- _Given material_:
========================
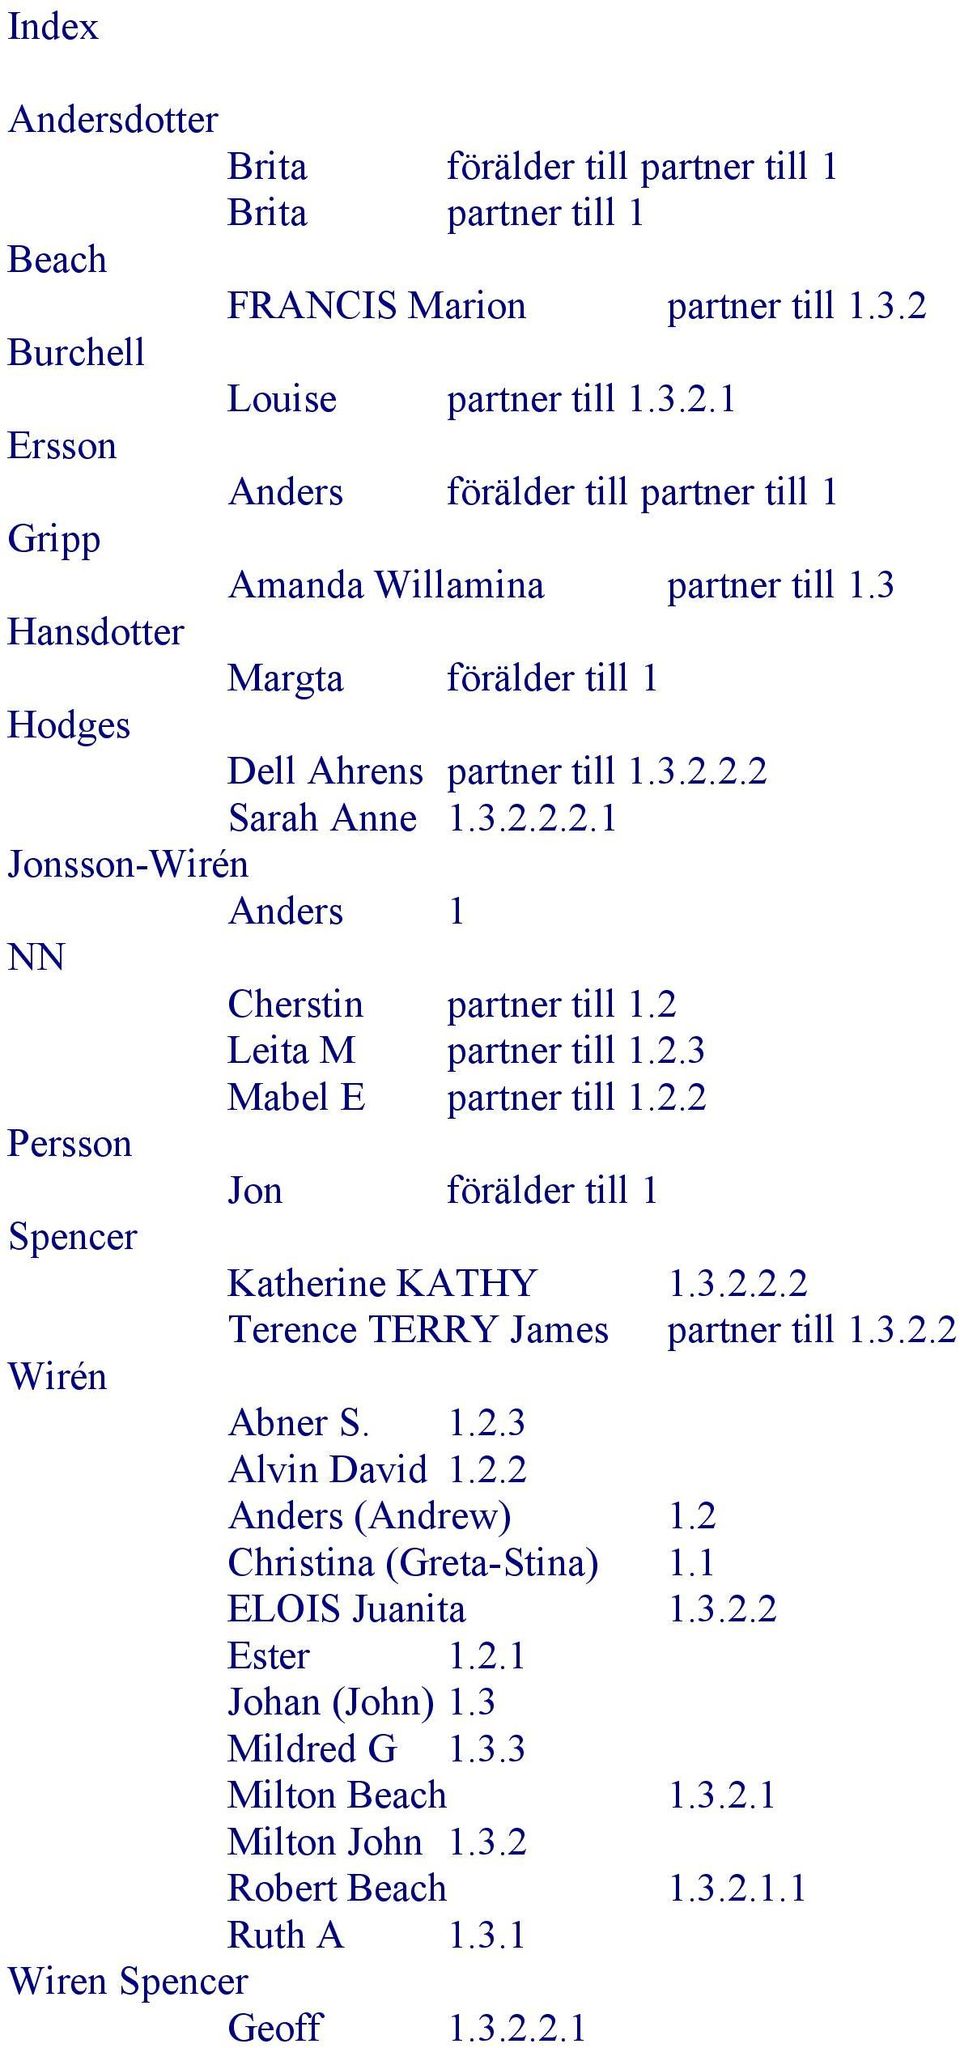 2.2 Persson Jon förälder till 1 Spencer Katherine KATHY 1.3.2.2.2 Terence TERRY James partner till 1.3.2.2 Wirén Abner S. 1.2.3 Alvin David 1.2.2 Anders (Andrew) 1.2 Christina (Greta-Stina) 1.
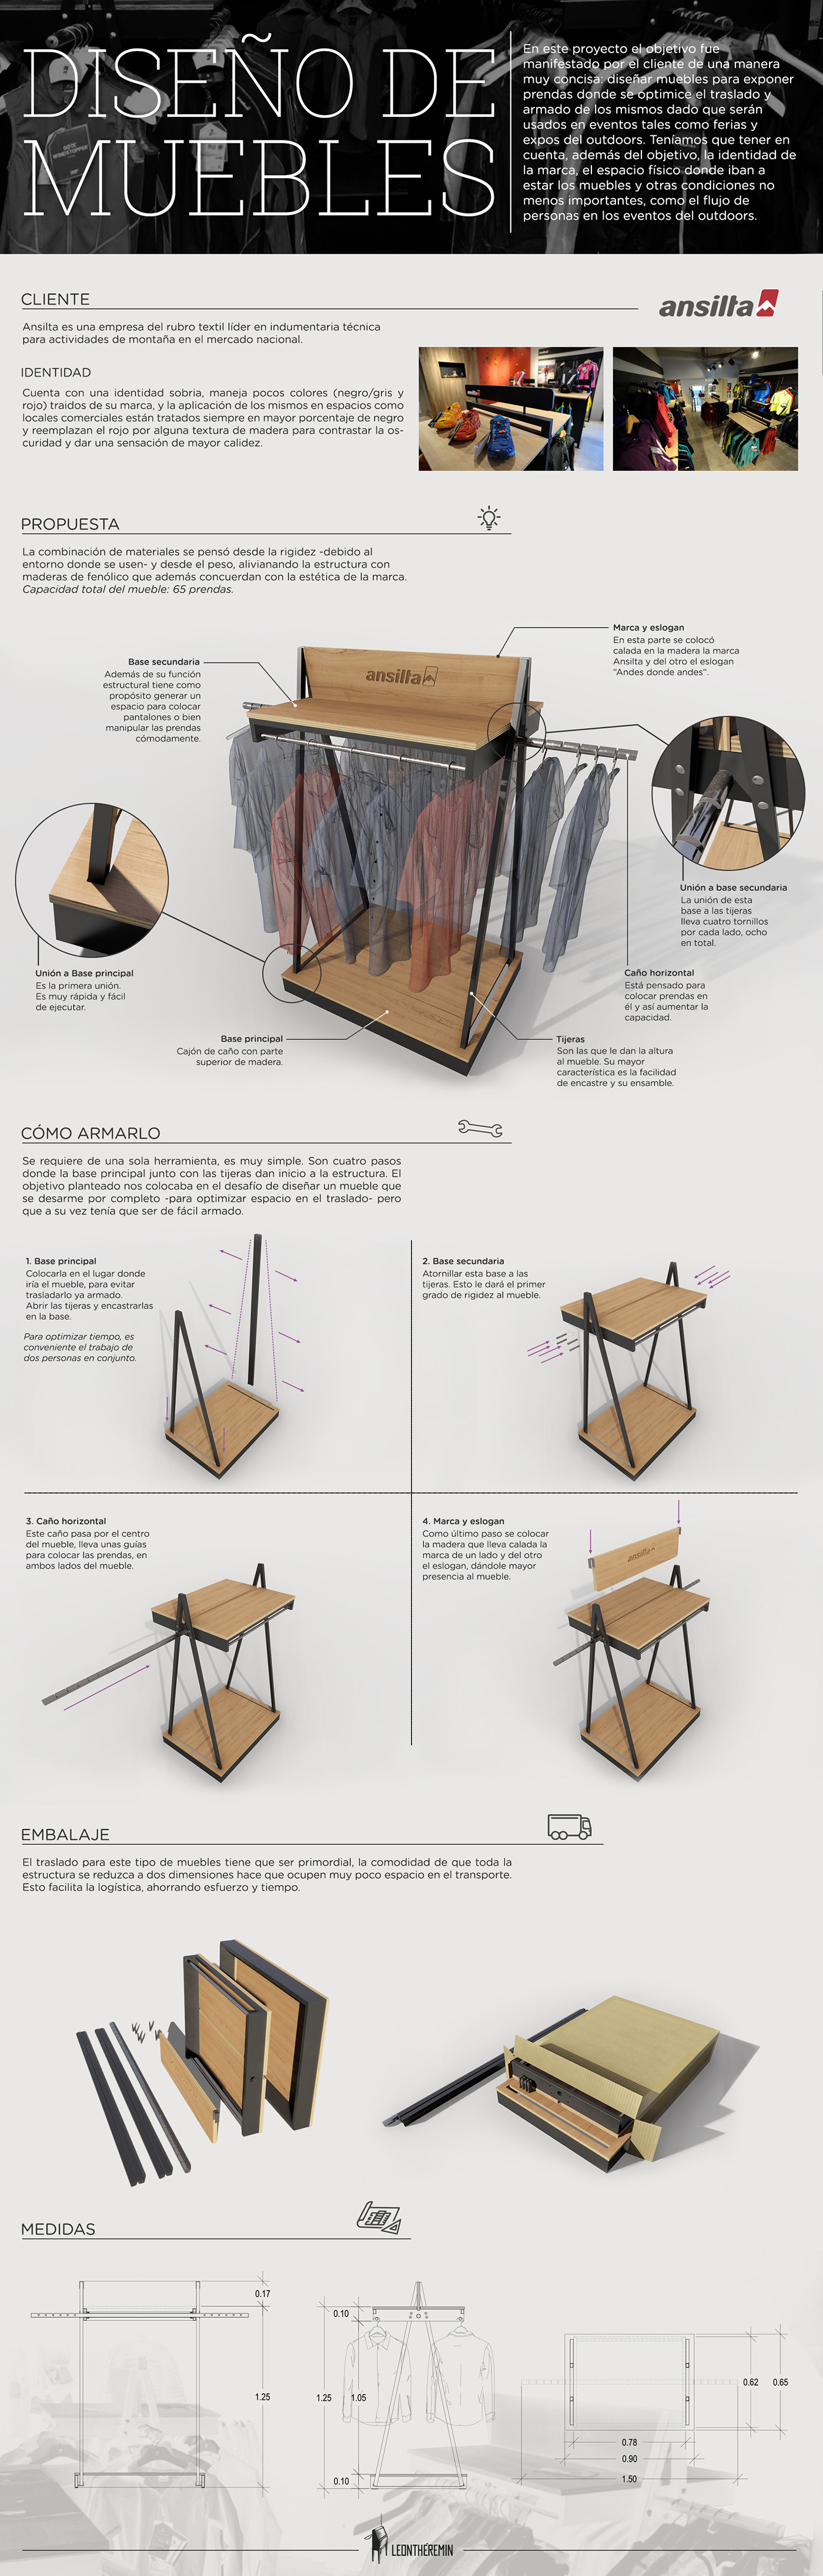 muebles Ansilta outdoors expo feria Ropa Perchero infografia
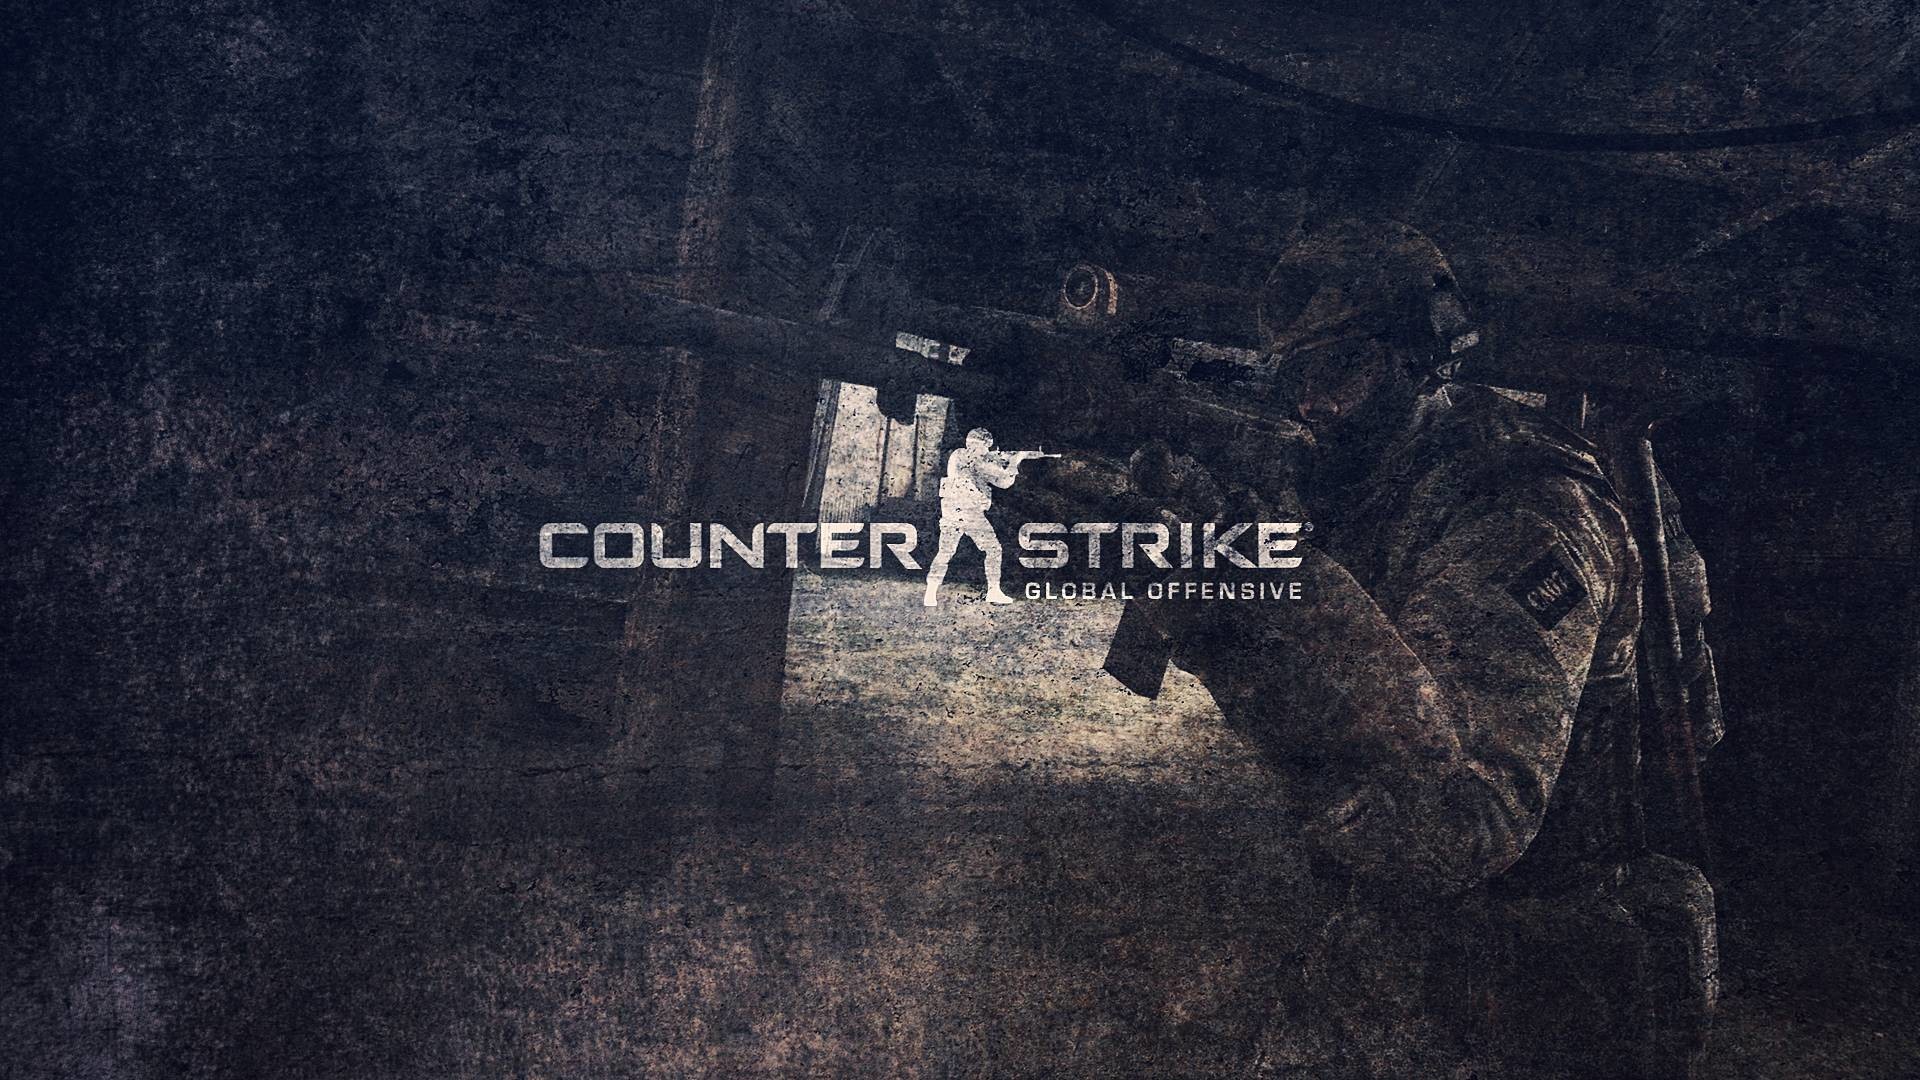 1920x1080 ... Counter-Strike: Global Offensive Wallpaper ...
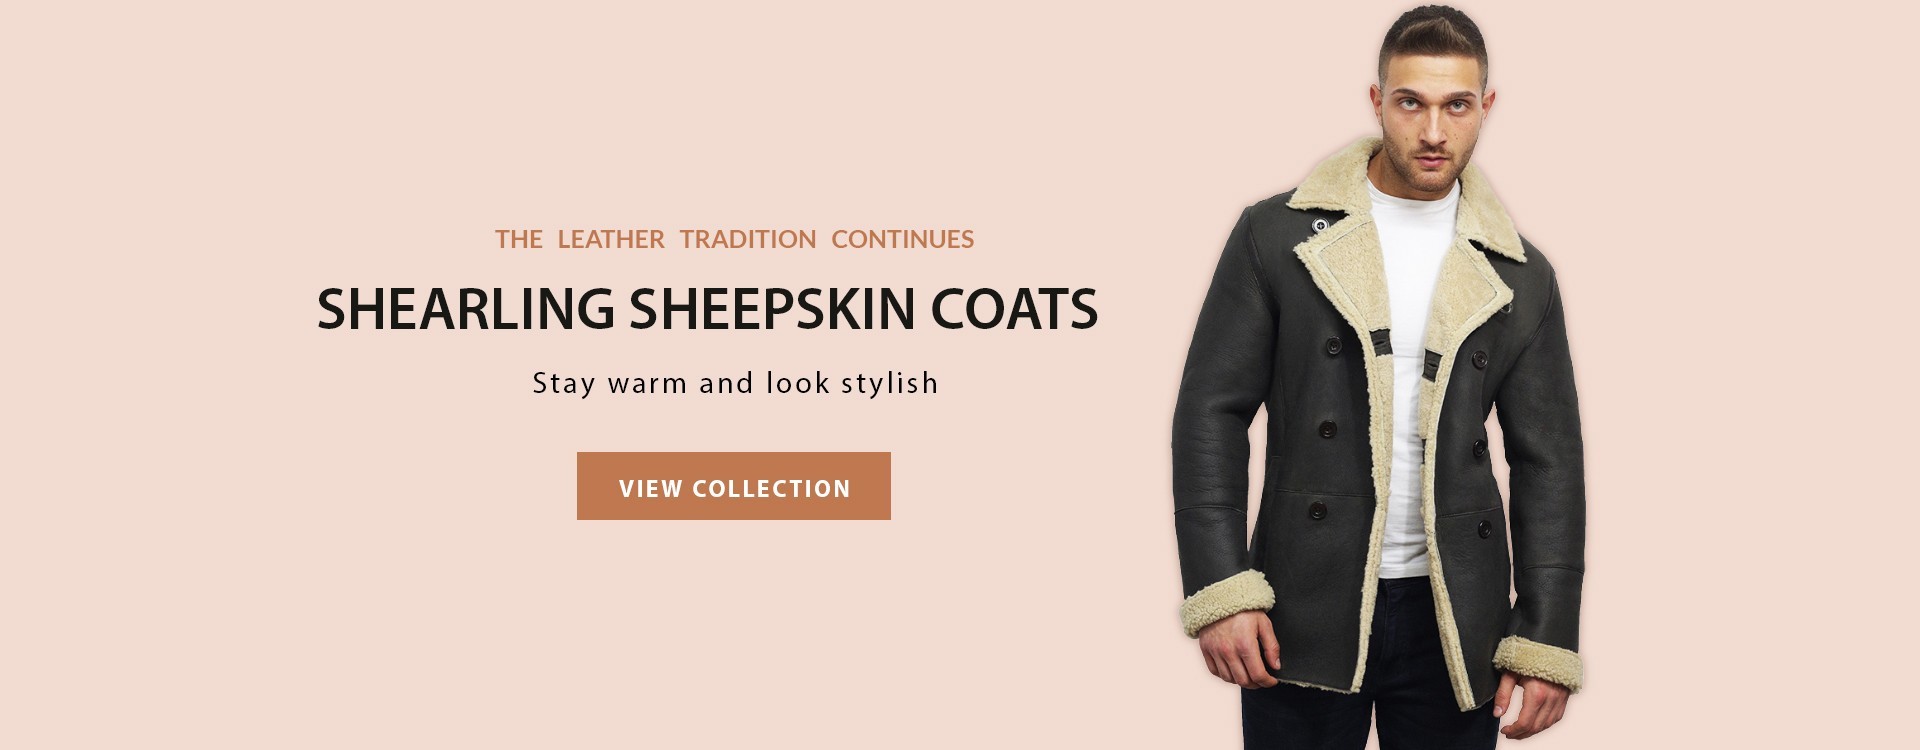 Mens leather shearling sheepskin coat
========================
- _Your goal_: Pictures are not part of the copy. Restate everything else in the listing word for word.

- _Written response_:
 2.2 Persson Jon förälder till 1 Spencer Katherine KATHY 1.3.2.2.2 Terence TERRY James partner till 1.3.2.2 Wirén Abner S. 1.2.3 Alvin David 1.2.2 Anders (Andrew) 1.2 Christina (Greta-Stina) 1.
 muebles Ansilta outdoors expo feria Ropa Perchero infografia
 1920x1080 ... Counter-Strike: Global Offensive Wallpaper ...
 Mens leather shearling sheepskin coat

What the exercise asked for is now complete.